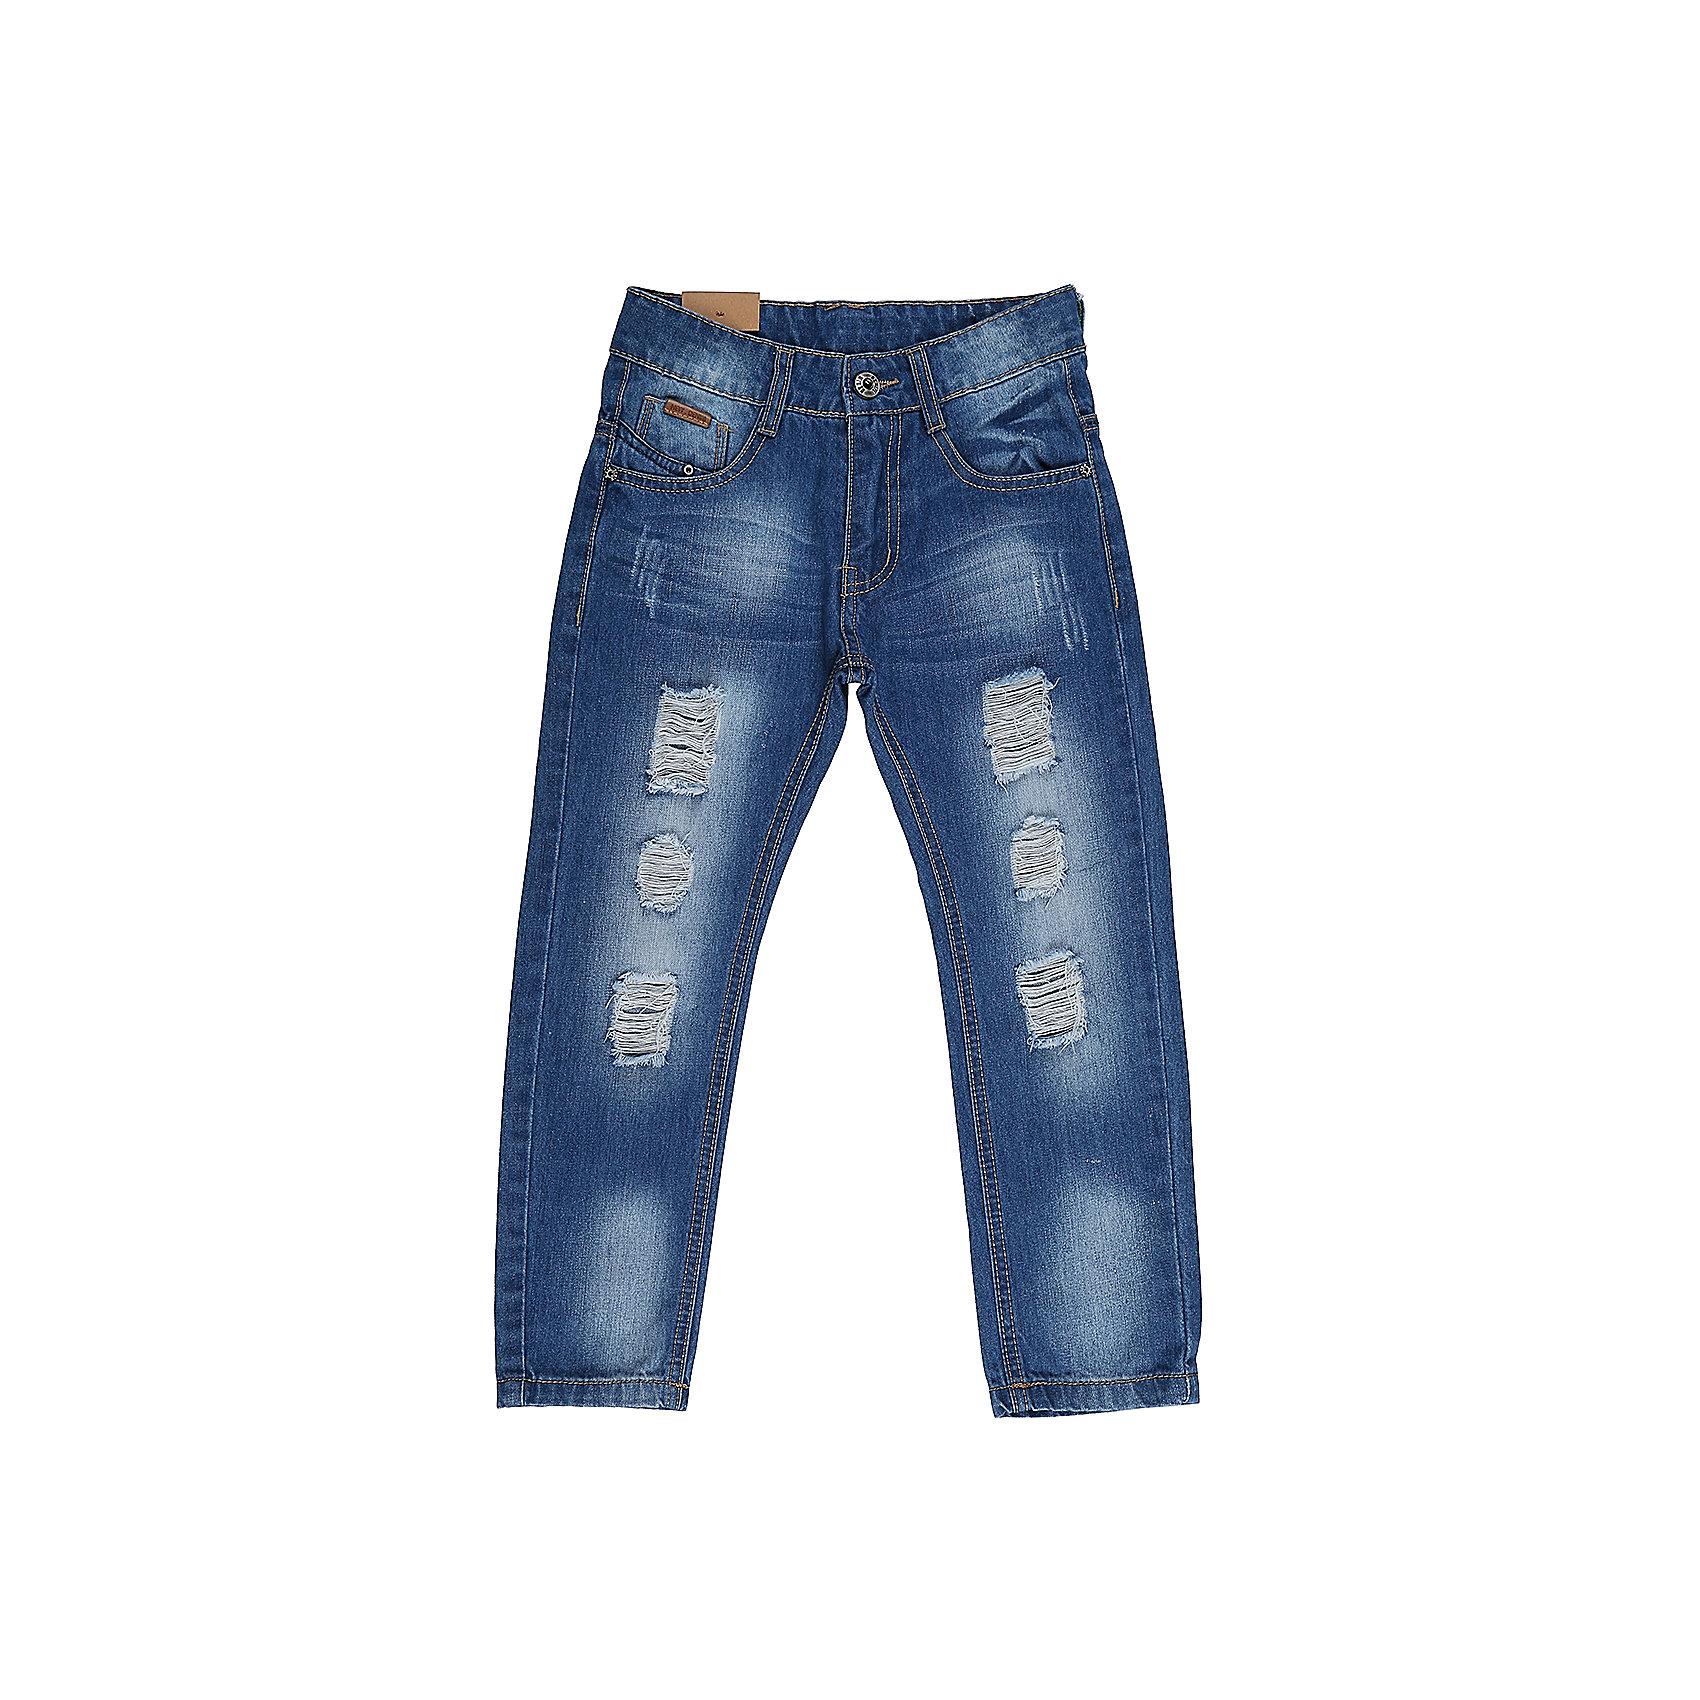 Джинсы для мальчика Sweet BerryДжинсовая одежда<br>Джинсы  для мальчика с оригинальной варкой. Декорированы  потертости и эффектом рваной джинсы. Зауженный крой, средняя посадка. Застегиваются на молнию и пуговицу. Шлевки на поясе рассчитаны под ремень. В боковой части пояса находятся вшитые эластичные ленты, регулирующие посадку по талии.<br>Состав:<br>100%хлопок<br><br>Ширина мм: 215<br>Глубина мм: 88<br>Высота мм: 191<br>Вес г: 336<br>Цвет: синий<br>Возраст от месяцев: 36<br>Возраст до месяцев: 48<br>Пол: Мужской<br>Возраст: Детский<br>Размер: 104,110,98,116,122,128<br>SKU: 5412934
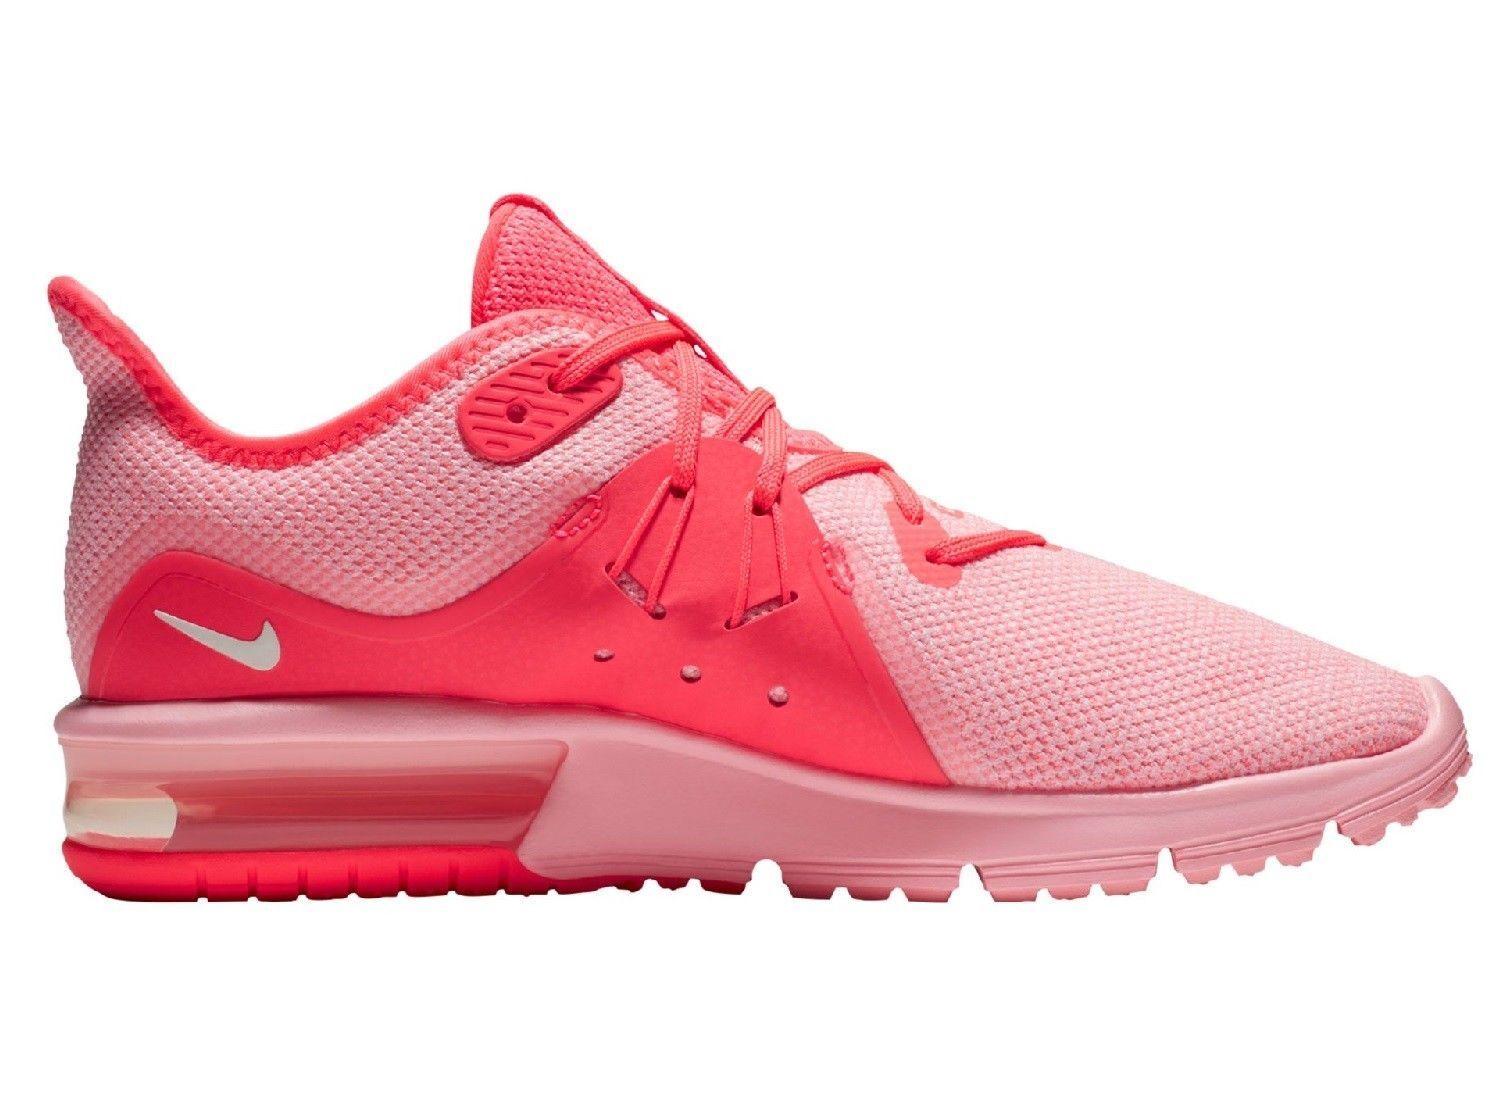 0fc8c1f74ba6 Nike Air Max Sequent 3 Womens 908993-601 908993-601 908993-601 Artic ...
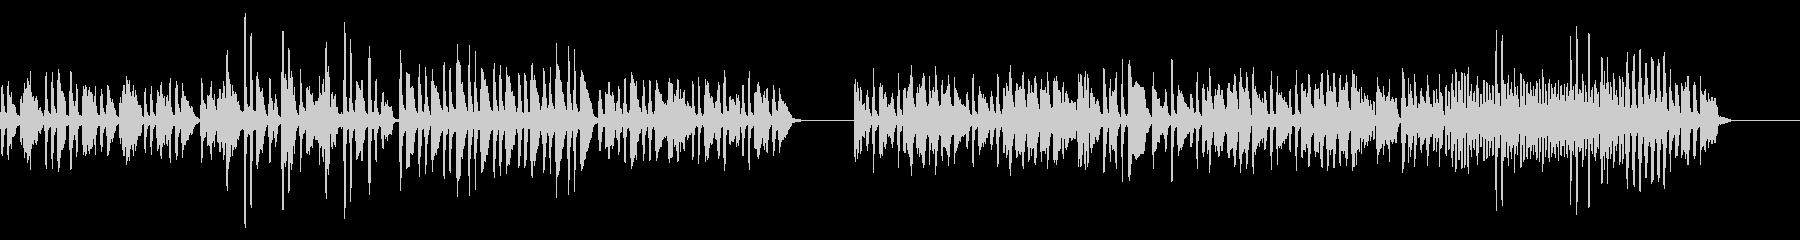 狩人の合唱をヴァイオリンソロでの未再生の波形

* Aim of the exercise
What is needed is an exact repeat of only the lines from the one containing "0fc8c1f74ba6 Nike Air" through the last line of the listing above, both ends included, without the pictures.

* Written answer
 0fc8c1f74ba6 Nike Air Max Sequent 3 Womens 908993-601 908993-601 908993-601 Artic ...
 狩人の合唱をヴァイオリンソロでの未再生の波形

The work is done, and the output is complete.